You can lose your assets to creditors (from whom you have borrowed), to divorce or paternity suits, to false claims against your pocketbooks, or to the government for taxes owed.

What you have in your IRA or other qualified plan has some asset protection. But federal and state laws together determine when and how much protection those assets actually have, and from whom. That’s what this article is about.

Protected Qualified Plans:

The Bankruptcy Abuse and Consumer Protection Act of 2005 (BABCPA) established protection limits for several qualified plans:

* SEP (Simplified Employee Pension) IRA, SIMPLE (Savings Incentive Matching Plan for Employees of Small Employers) IRA, and all defined benefit and defined contribution employer retirement plans have unlimited creditor protection in the event of bankruptcy. This includes 403(b), 457, and government or church plans under code section 414

* Distributions from all employer defined benefit and defined contribution retirement plans retain creditor protection if rolled over to an IRA

* Traditional and Roth IRAs not created from qualified plan rollovers are subject to creditors, but only to the extent these accounts exceed $1 million,

* Employee retirement plan protection (including SEPs and SIMPLE IRAs, and non-ERISA retirement plans such as individual 401(k)s) now receive unlimited creditor protection during bankruptcy, regardless of ERISA.

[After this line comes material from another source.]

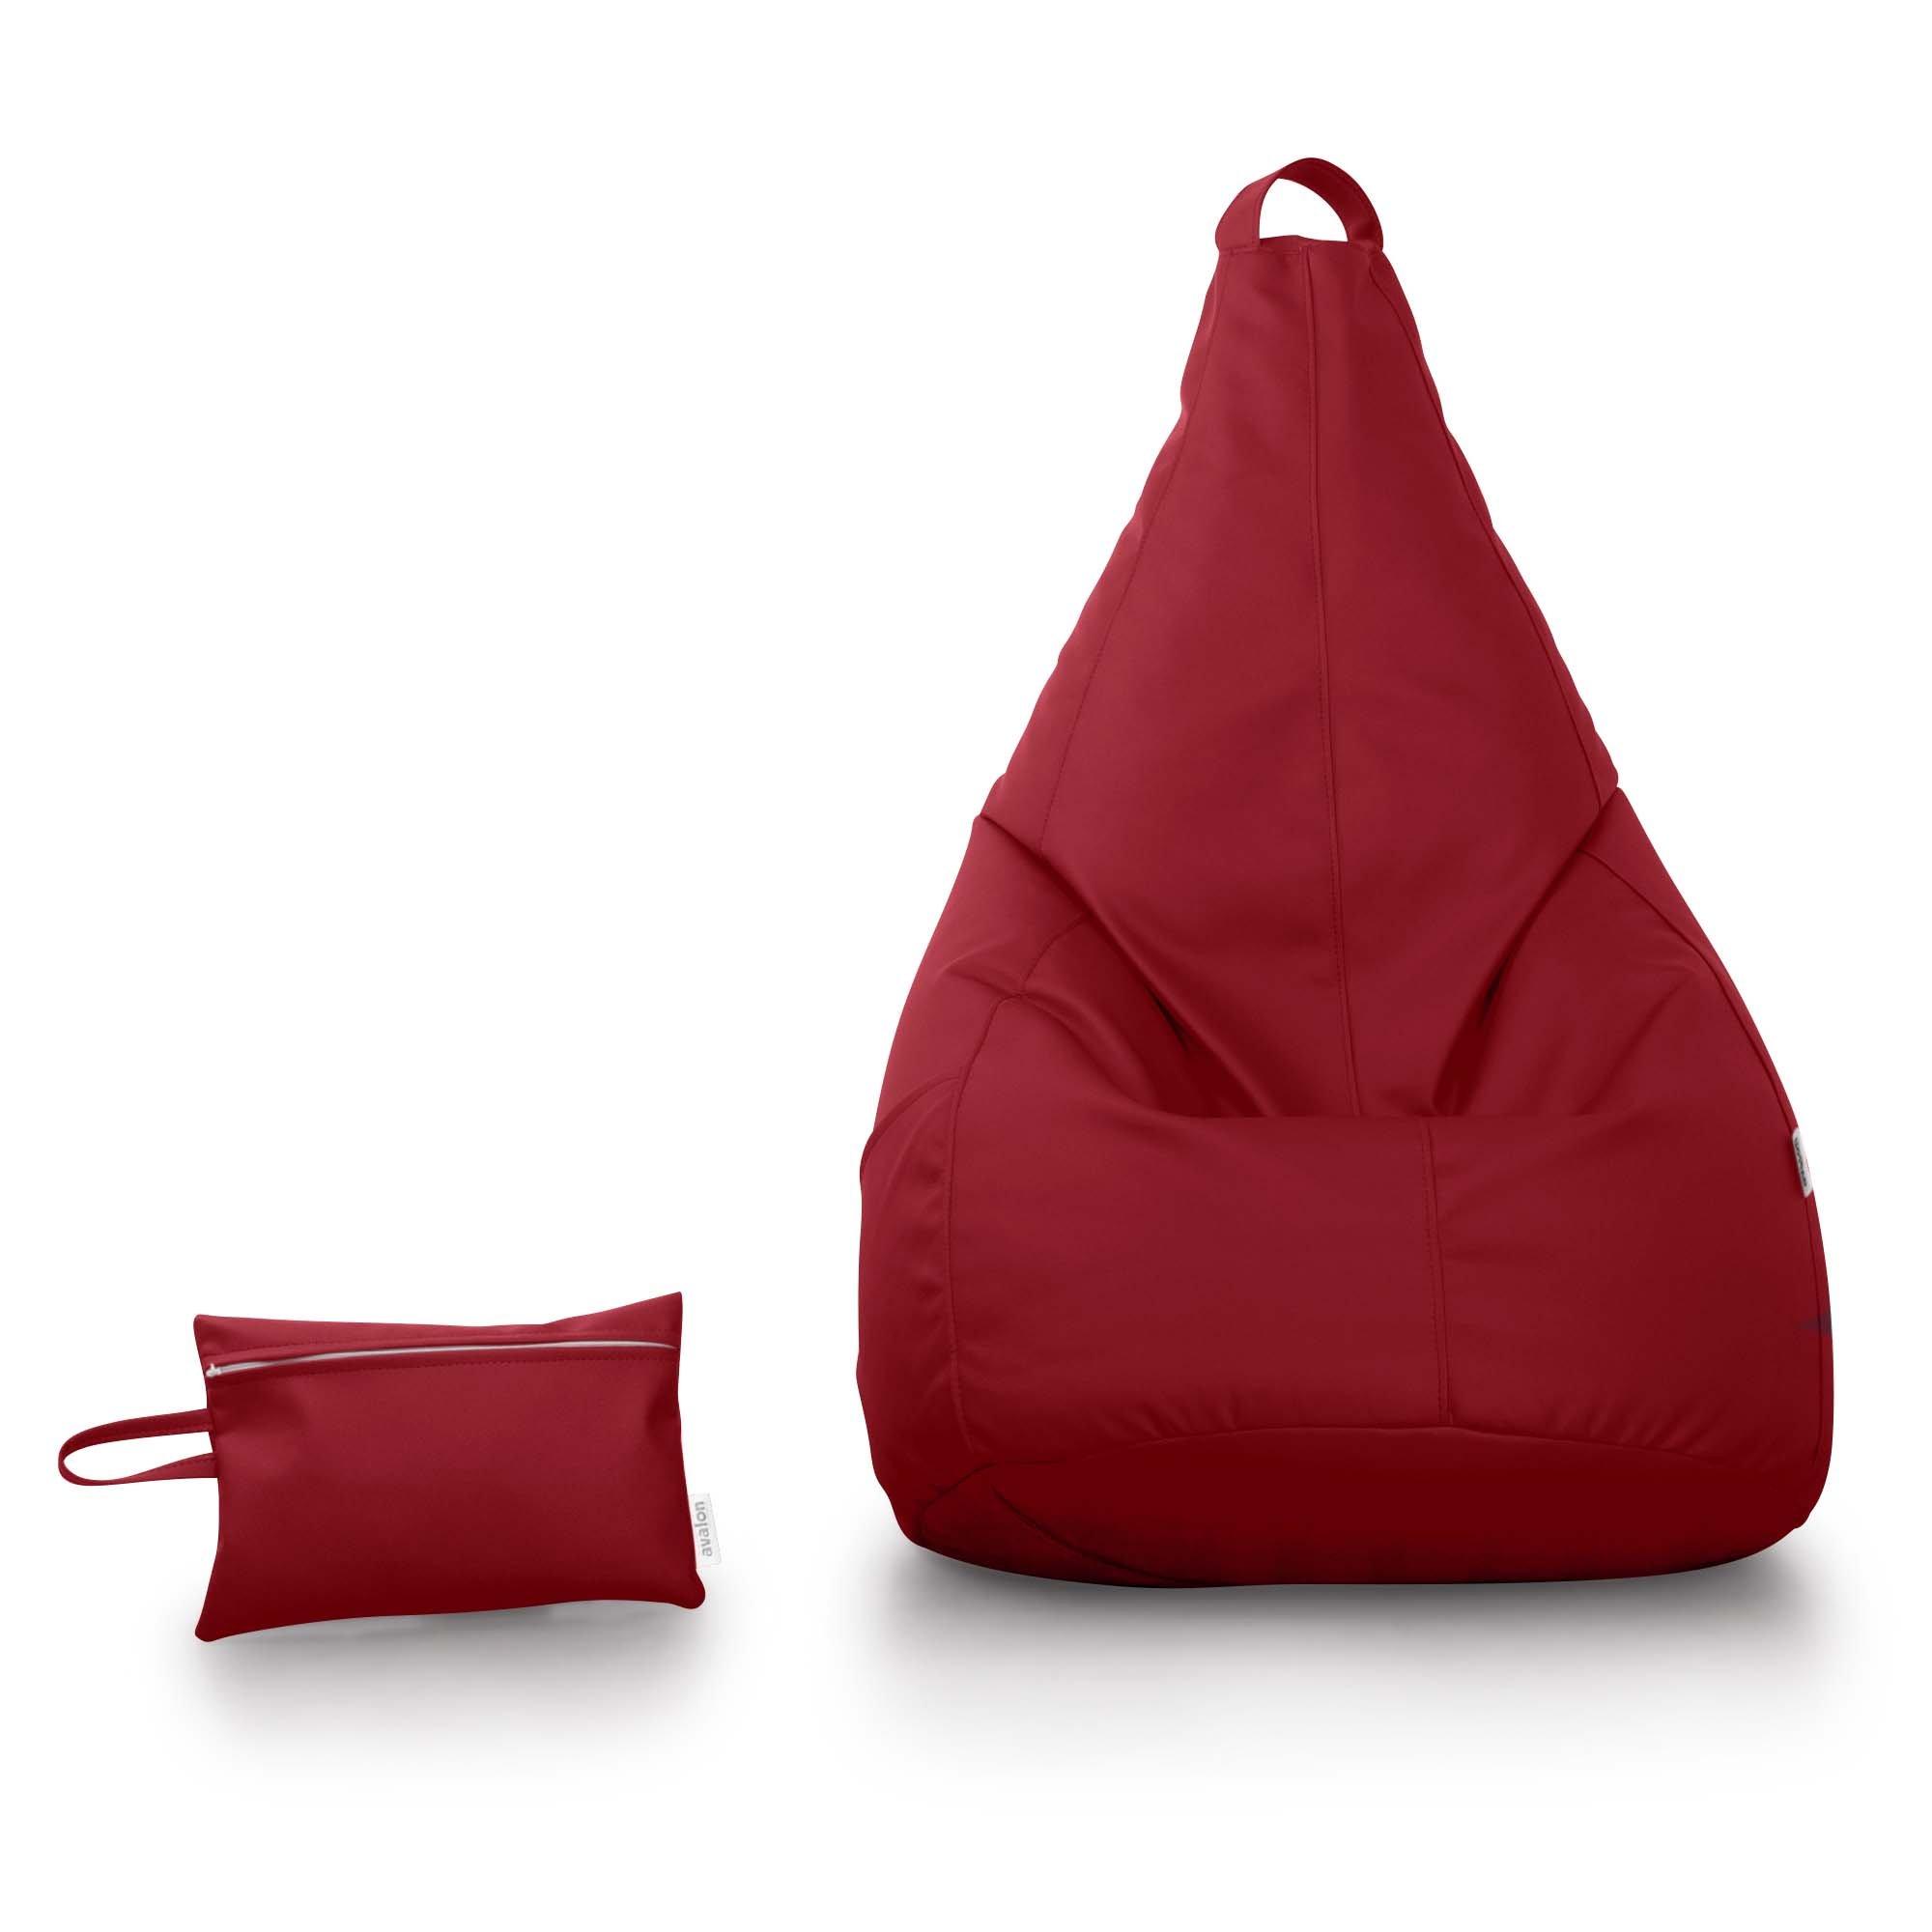 Cucire Poltrona Sacco.Avalon Pouf Poltrona Sacco Pera In Ecopelle Di Dim 70x130cm Made In Italy Pochette Omaggio Di Colore Rosso
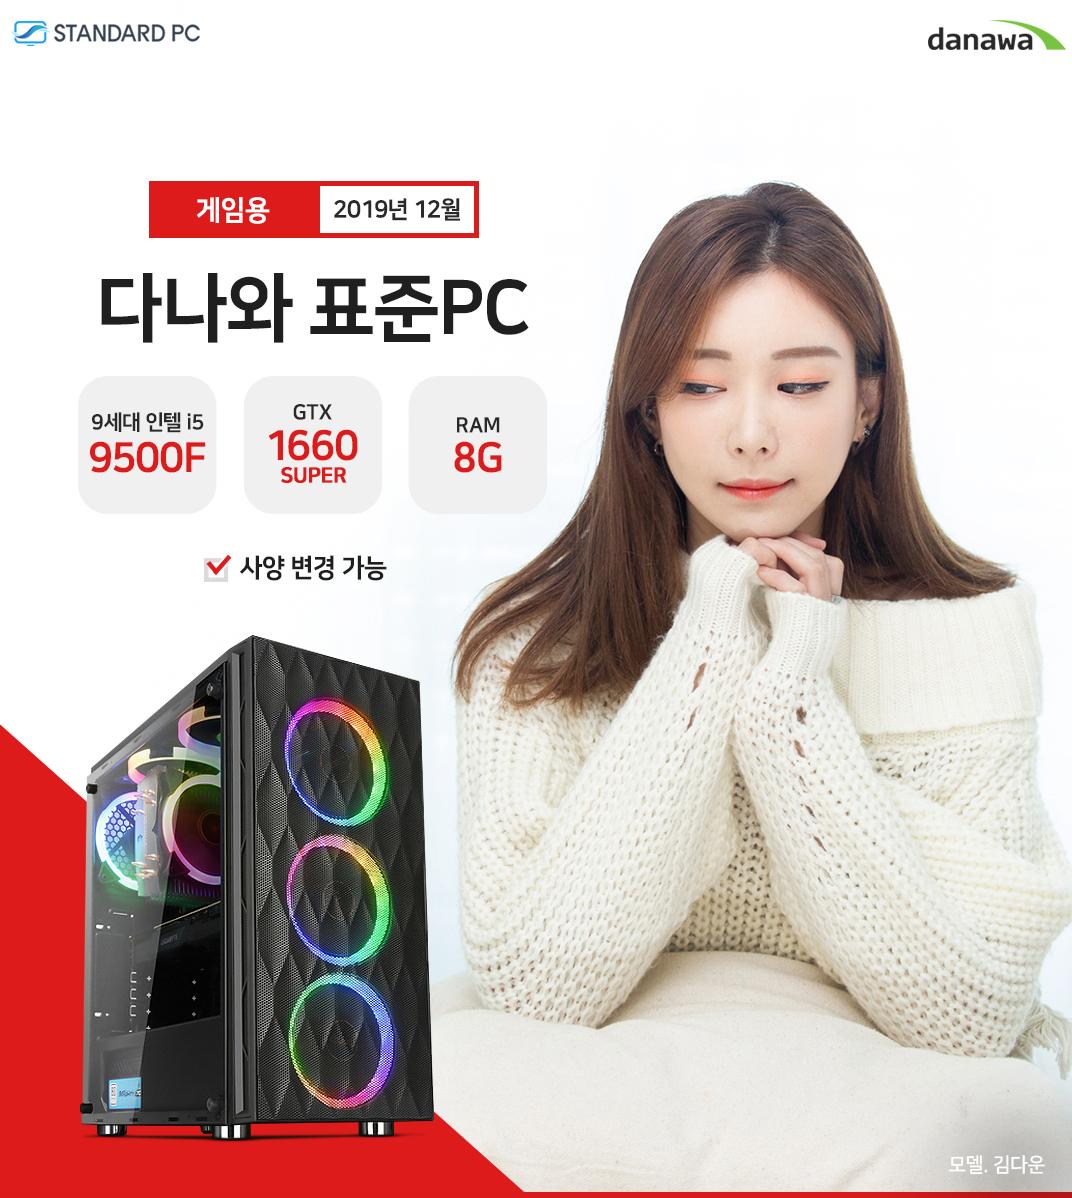 2019년 12월 다나와 표준PC 게이밍용 인텔 코어i5-9세대 9500F GTX1660SUPER RAM 8G 모델 김다운

Keep good records of all your transfers from qualified plans and transfer them to separate IRAs to maintain your unlimited protection.

Also note that a qualified plan is not considered an ERISA plan if it covers only the business owner (owner-only plans). Check your state law to see how these plans are protected.

Federal protection, when and from whom Unfortunately, this protection comes into play under bankruptcy, a federal process. The protection is from typical creditors (that is, those from whom you borrowed money).

Does not include protection against qualified domestic relations orders (in which assets may be awarded to your former spouse or other alternate payee). It also does not protect you from IRS tax liens.

Where your state law plays a role:

For all legal actions that do not involve bankruptcy, your state law will determine how much protection your qualified plan assets have. So check what your state offers you for your plan.

Two areas where state laws vary on protection are:

1. retirement plan,

2. plans inherited to the beneficiary

Most states will exempt all qualified plan assets, but only while they are in the retirement account. Some other states limit how much is exempt from creditor actions. This amount may be set, possibly at $500,000, or only limited to what is ‘reasonably necessary’ to support the owner and his dependents if a claim is made against those assets.

Unfortunately, ‘reasonably necessary’ is vague. It may depend on your age, other property you have, and your obligations. It depends on a court and it depends on the lawsuit filed against you. Vague terminology like “reasonably necessary” always invites lawsuits.

Because IRAs are vulnerable under state law, you may find it worse to transfer your company-sponsored plan to your own IRA for better control of your retirement investments. Your state may offer much less IRA protection from creditors than your company’s plan.

Again, your state may not protect your plan assets inherited by your beneficiary from your creditors after your death. Check with your state. You may want to set up a trust as the beneficiary of your retirement account for better protection. Of course you can benefit those people you designate in the trust document as beneficiaries.

Remember that the bottom line to successfully protecting assets is to recognize who you are protecting them from and then position those assets accordingly – a task easier said than done!